American research glider

The Lamson L-106 Alcor is an American, high-wing, experimental, pressurized research glider that was designed and built by Bob Lamson. The Alcor was the first pressurized sailplane ever built.

==Design and development==
The Alcor was conceived during the 1960s as a high altitude research aircraft by Lamson. He had served in the US Army Air Corps and also worked for the Boeing Aircraft Company as a test pilot. While at Boeing during the 1940s, he worked on high-altitude oxygen systems, which led him to investigate aircraft pressurization. He attended the University of Washington.

The Alcor is named for the star in Ursa Major and was optimized for flight in weak mountain wave soaring conditions. The aircraft is constructed from Sitka spruce veneer, covered with layers of fiberglass. The wings and tail use foam sandwiches, covered in S-glass. The Alcor was one of the first gliders to be built from composites.

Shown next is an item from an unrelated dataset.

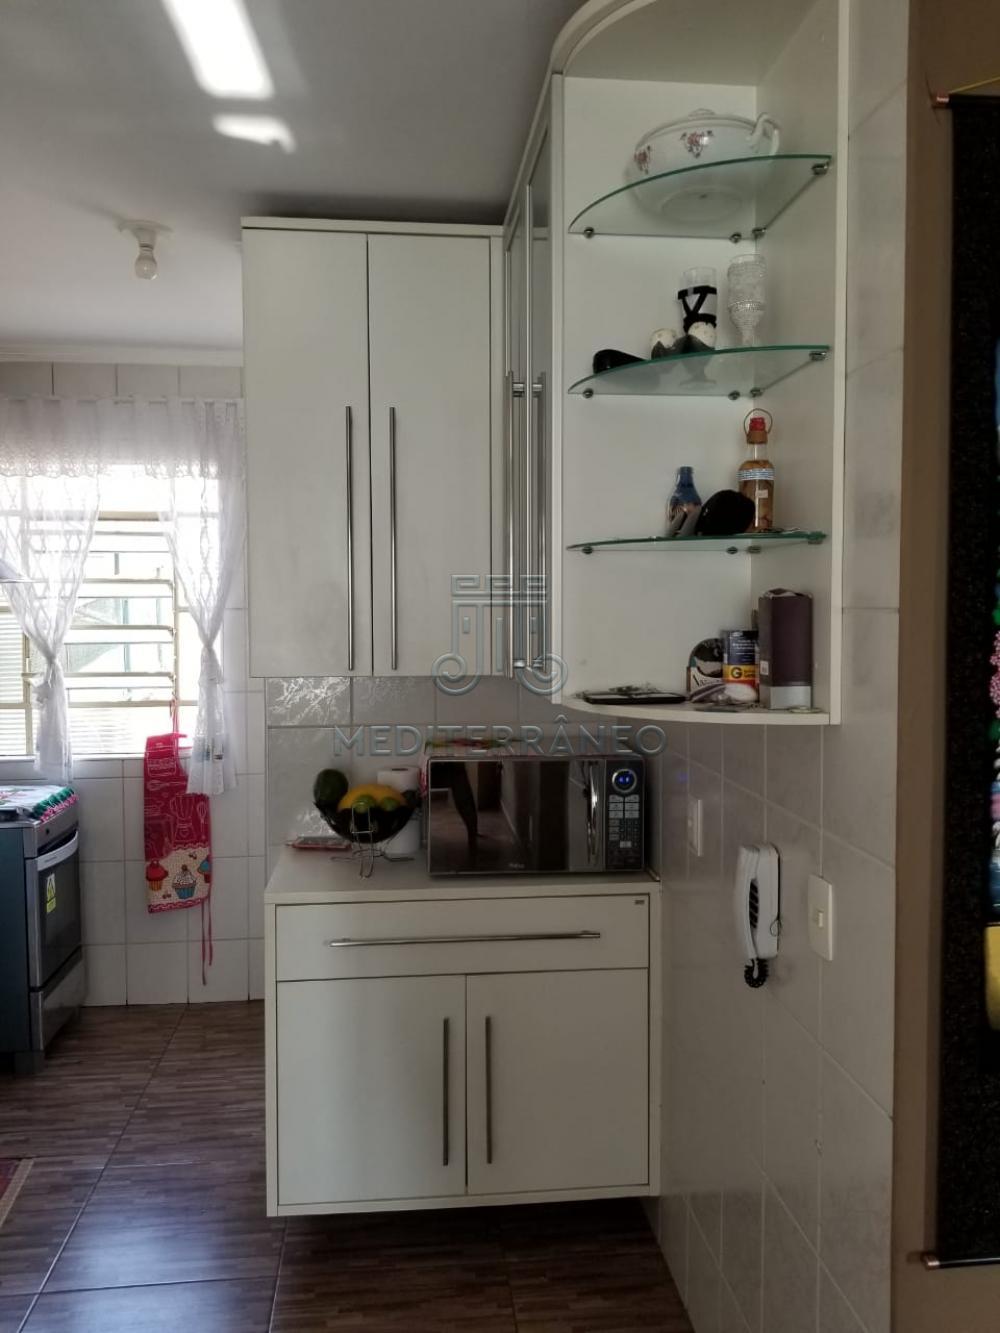 Alugar Apartamento / Padrão em Jundiaí apenas R$ 1.300,00 - Foto 2

The Alcor's 65.6 ft span wing employs a Feifel airfoil. The pressurization system provides two to three inches of Mercury pressure differential. The cockpit also incorporates a solar heater to keep the canopy clear of ice condensation at high altitude and also provide pilot warmth.

==Operational history==
The Alcor was registered with the Federal Aviation Administration as completed in 1968, but reportedly first flew in 1973. In 1983 Lamson indicated that the aircraft has flown 180 hours and had exceeded 20000 ft "four or five times".

Between 1985 and 1989, the aircraft was used in southern Alberta, Canada as a research aircraft for a study of the chinook arch, proving ideal for this sort of high-altitude work.

In 1992 the aircraft was transferred to the Museum of Flight in Seattle, Washington, where it is on display.